De telles réunions sont indispensables pour le bon fonctionnement de la collectivité de travail et pour permettre au responsable d’une équipe de suivre l’activité de celle-ci et de conserver sa cohésion. De la même manière, les entretiens individuels sont essentiels au suivi du travail et des conditions de travail de chaque collaborateur.
Par ailleurs, en recourant aux visioconférences, impliquant l’activation de la fonction vidéo par les salariés, l’employeur respecte son obligation de sécurité vis-à-vis des télétravailleurs, les prescriptions de l’Accord National Interprofessionnel du 26 novembre 2020, énonçant à cet égard que :
- « Une vigilance particulière doit être portée à la préservation de la cohésion sociale interne, aux conditions de maintien du lien social entre les collaborateurs, au regard de la distanciation des rapports sociaux, voire de perte du lien social inhérente à l’utilisation des outils de communication à distance. »
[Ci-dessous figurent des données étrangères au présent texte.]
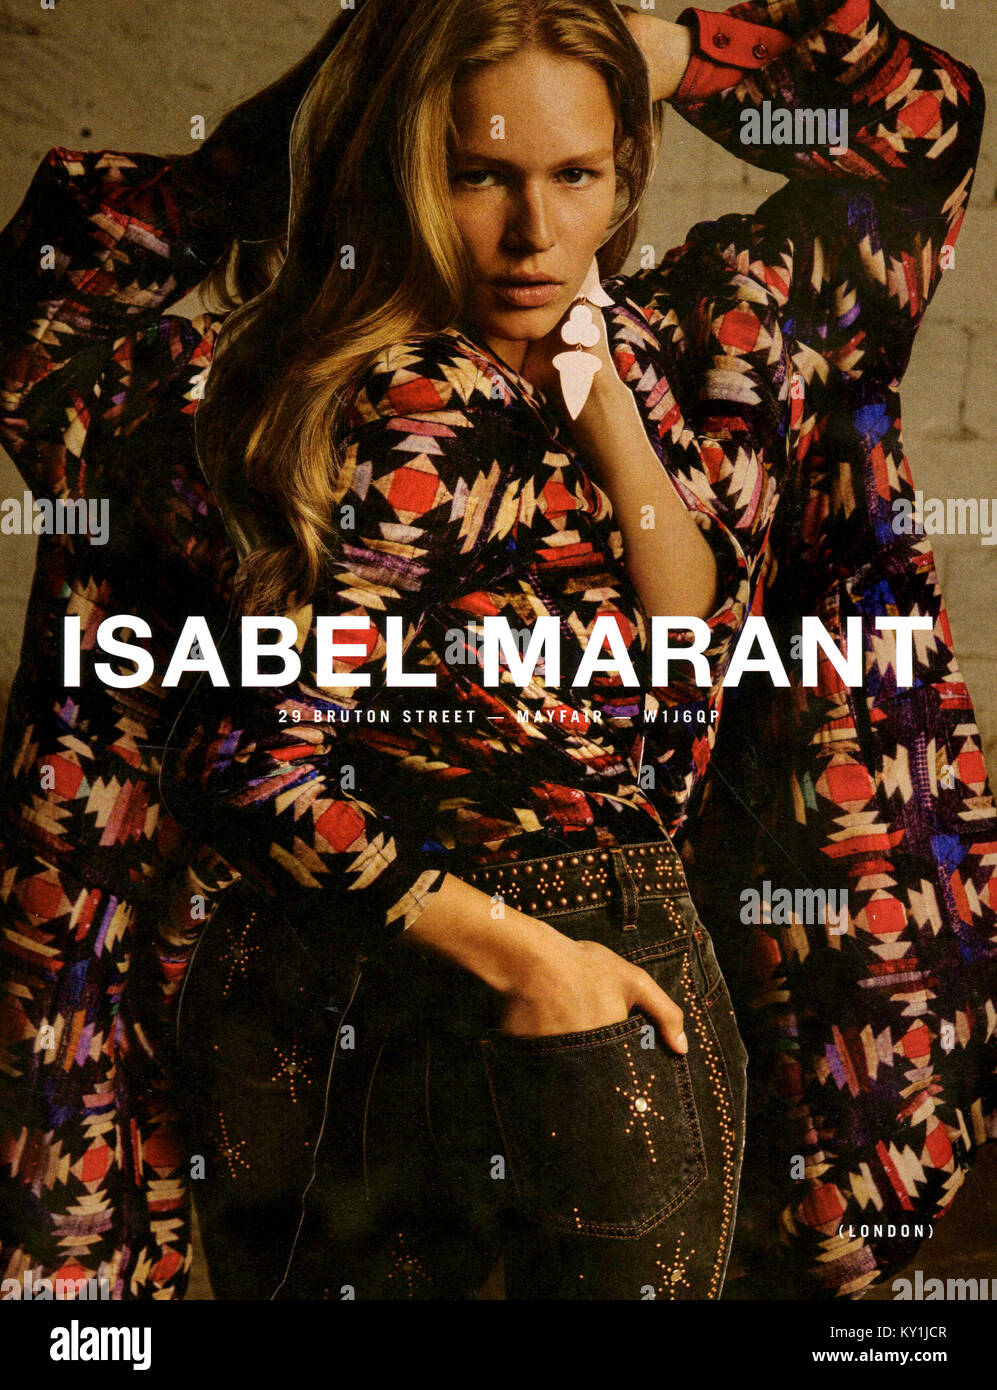 Isabel Marant High Resolution Stock Photography and Images - Alamy

- « La prévention de l’isolement participe à la fois de la santé au travail du salarié en télétravail et du maintien du sentiment d’appartenance à l’entreprise. (…) Les temps de travail collectif réguliers sont indispensables. Le salarié en télétravail doit pouvoir alerter son manager de son éventuel sentiment d’isolement, afin que ce dernier puisse proposer des solutions pour y remédier. »
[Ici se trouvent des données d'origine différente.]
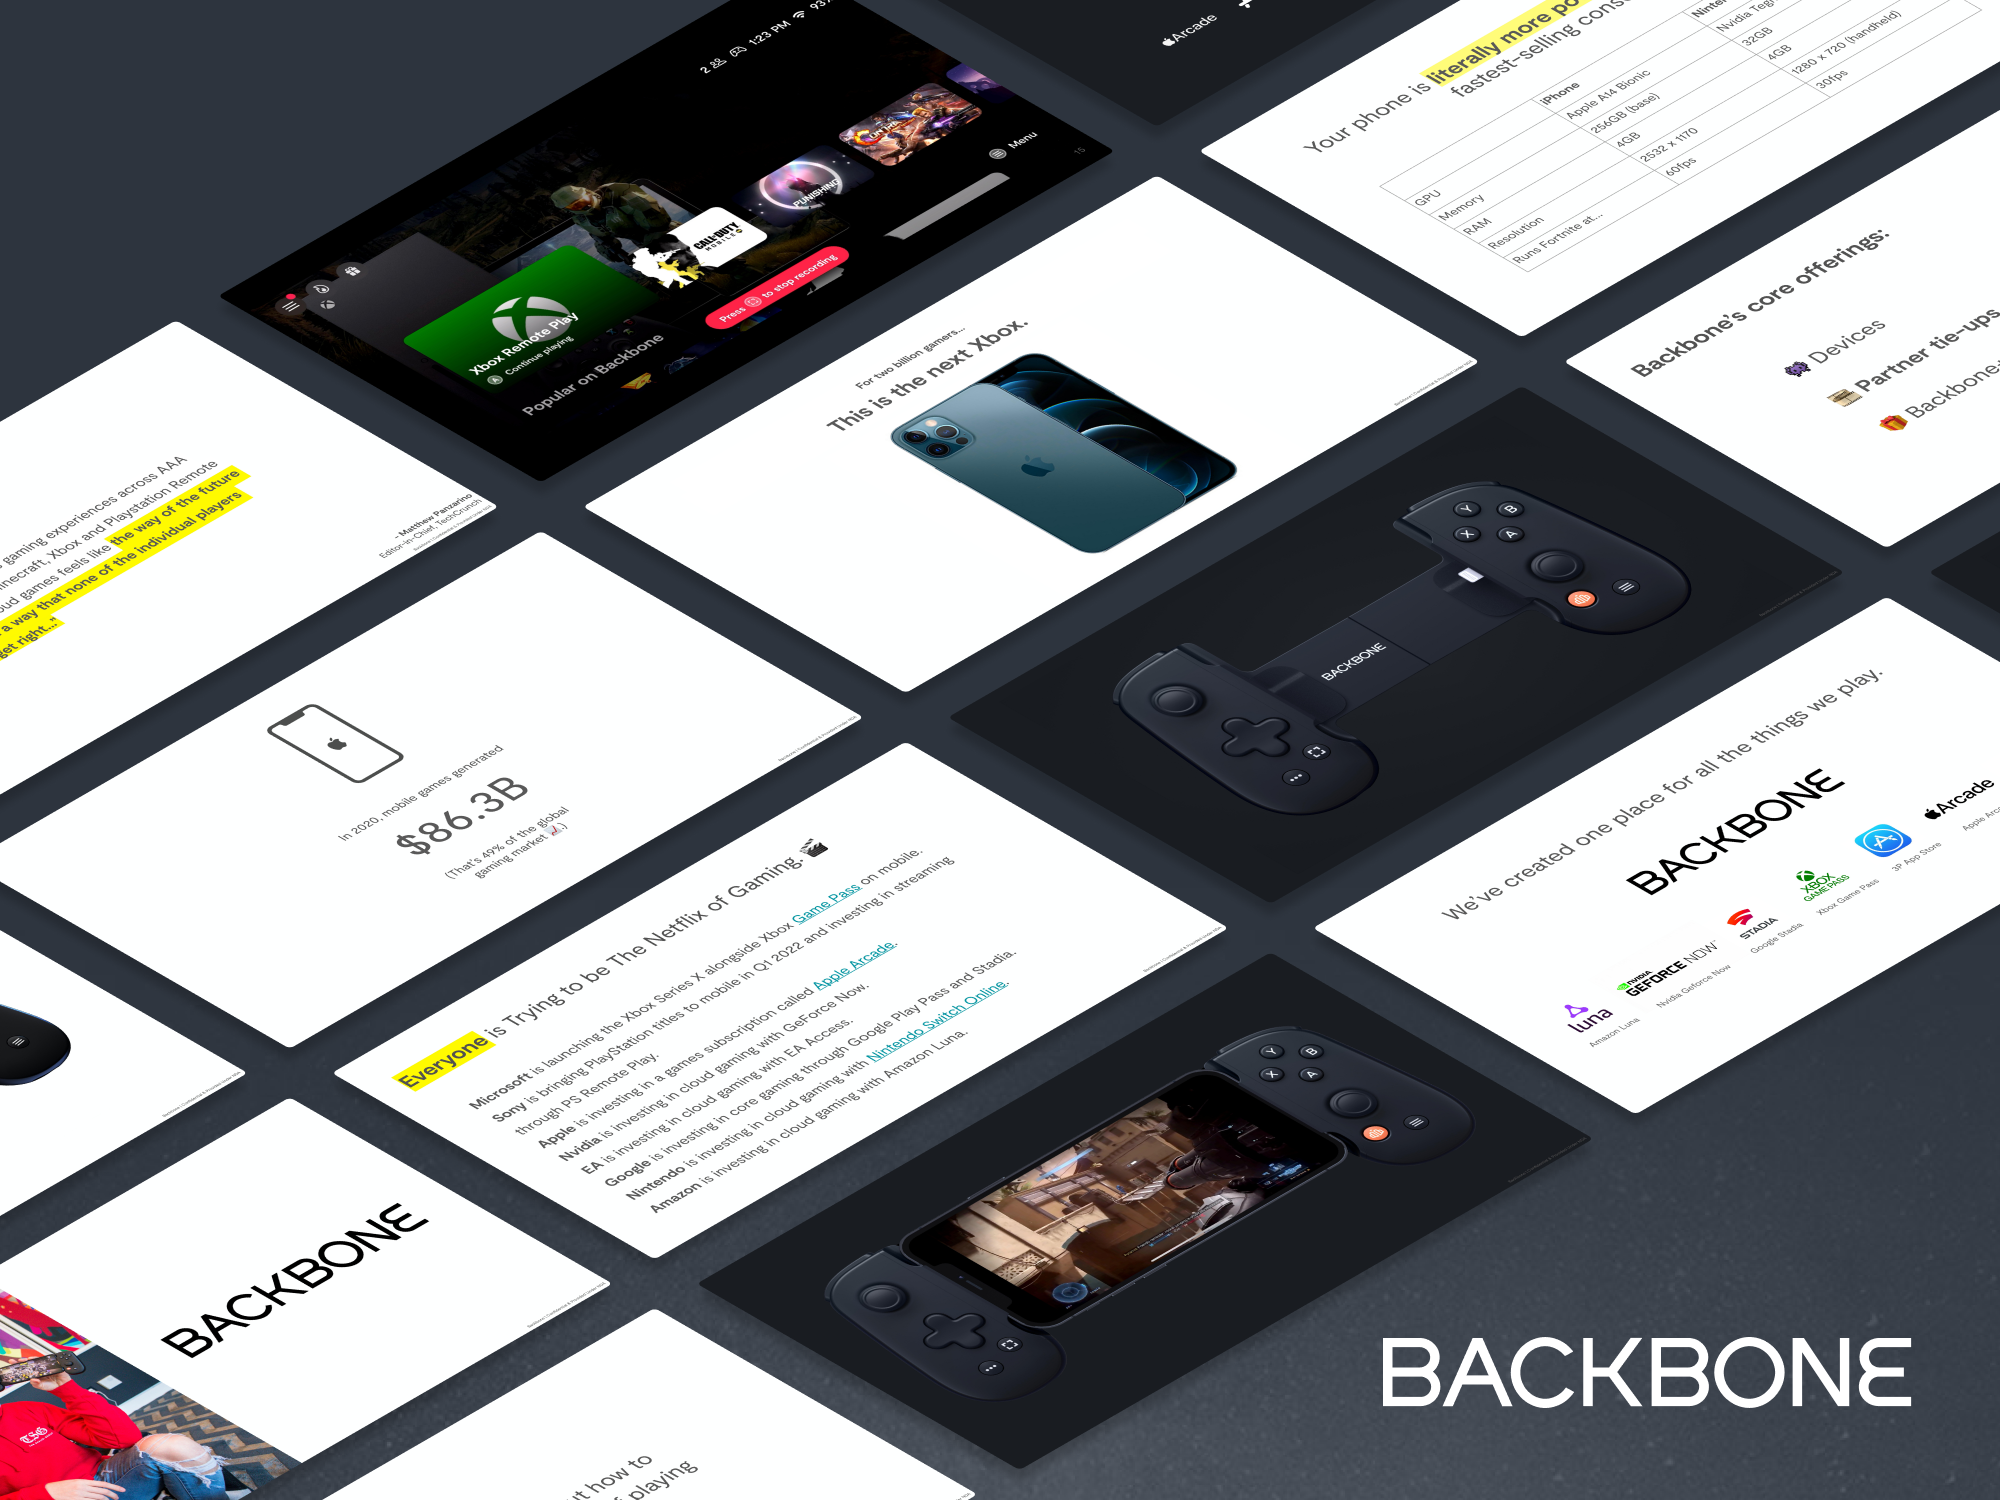 This pitch deck landed $40M for iPhone gaming startup Backbone

- « Considérant les éventuelles difficultés que le télétravail en cas de circonstances exceptionnelles ou de force majeure peut occasionner pour les salariés, l’employeur porte une attention particulière à l’application des règles légales et conventionnelles relatives à la santé et la sécurité des salariés concernés. »
- « En outre, le manager a un rôle clé dans la fixation des objectifs et la priorisation des activités. L’échange entre le salarié et le manager facilite d’éventuelles adaptations. »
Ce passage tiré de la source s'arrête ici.